The Mik’maq have struggled to obtain justice for centuries. Many court cases are ancient history but, not the Donald Marshall case. He, as a Mik’maw person, changed the lives of his people for the better. Nonetheless, this was not an easy road for Donald Marshall.

Donald Marshall was first arrested in the 1970’s and wrongly convicted for the murder of a young woman. After spending eight years in jail he was released.  After his release he began to live a normal life until the 1990’s when he was arrested once again. A picture of Donald Marshall In 1993, Donald Marshall was arrested, not for murder but for fishing eels out of season.
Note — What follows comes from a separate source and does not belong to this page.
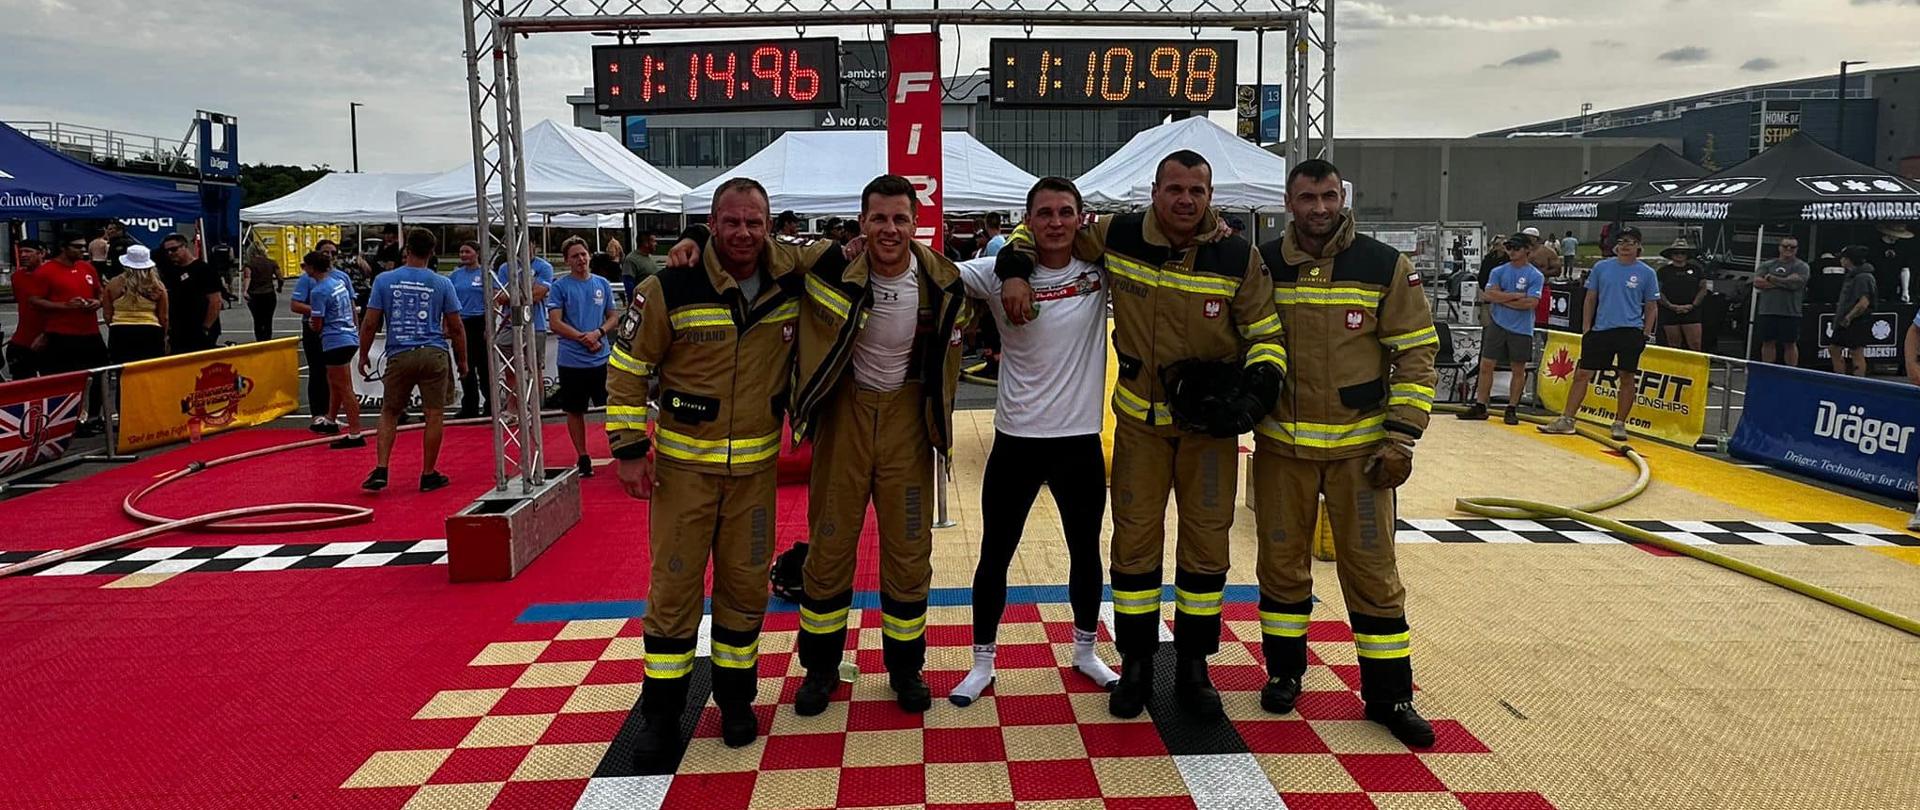 5 strażaków startujących w zawodach wraz z uzyskanymi czasami

The arrest by the DFO initiated a major change for the Mik’maq. While the DFO and non-aboriginals wanted him convicted of the “illegal” action of fishing eels out of season, Marshall did not give up the fight.  Due to the treaties signed by the Crown with the Mik’maw people  in the 1700’s, Marshall knew he had the right to fish.

The Government did not understand the treaties the way the Mik’maq do. The government considered the written treaty was the only basis for understanding the agreement, but the Mik’maq considered the verbal promises made at the time and recorded in their oral traditions to be an equally legitimate part of the treaty . This caused much tension between the government and the Mik’maw people.

After six years of litigation, the Supreme Court overturned two lower court convictions, and confirmed Mik’maw treaty rights. The most important aspect that came out of this trial was the recognition that the oral history of the Mik’maq should be considered equal with the written record in a court of law. The Donald Marshall case gave the Mik’maw people and all those Aboriginal peoples who have signed treaties the voice they needed in the court system to make sure their version of history was heard.

This trial brought forth many positive aspects for the Mik’maq however, there were also problems. Mik’maw fishing boats and equipment were burnt. Dealing with these losses was hard for many struggling families.

Due to the strong negative response to the Mik’maq win by DFO and non-aboriginal fishers the Supreme Court felt the need to rewrite their ruling. The court allowed DFO to limit through fishing licenses the amount reserves were allowed to catch.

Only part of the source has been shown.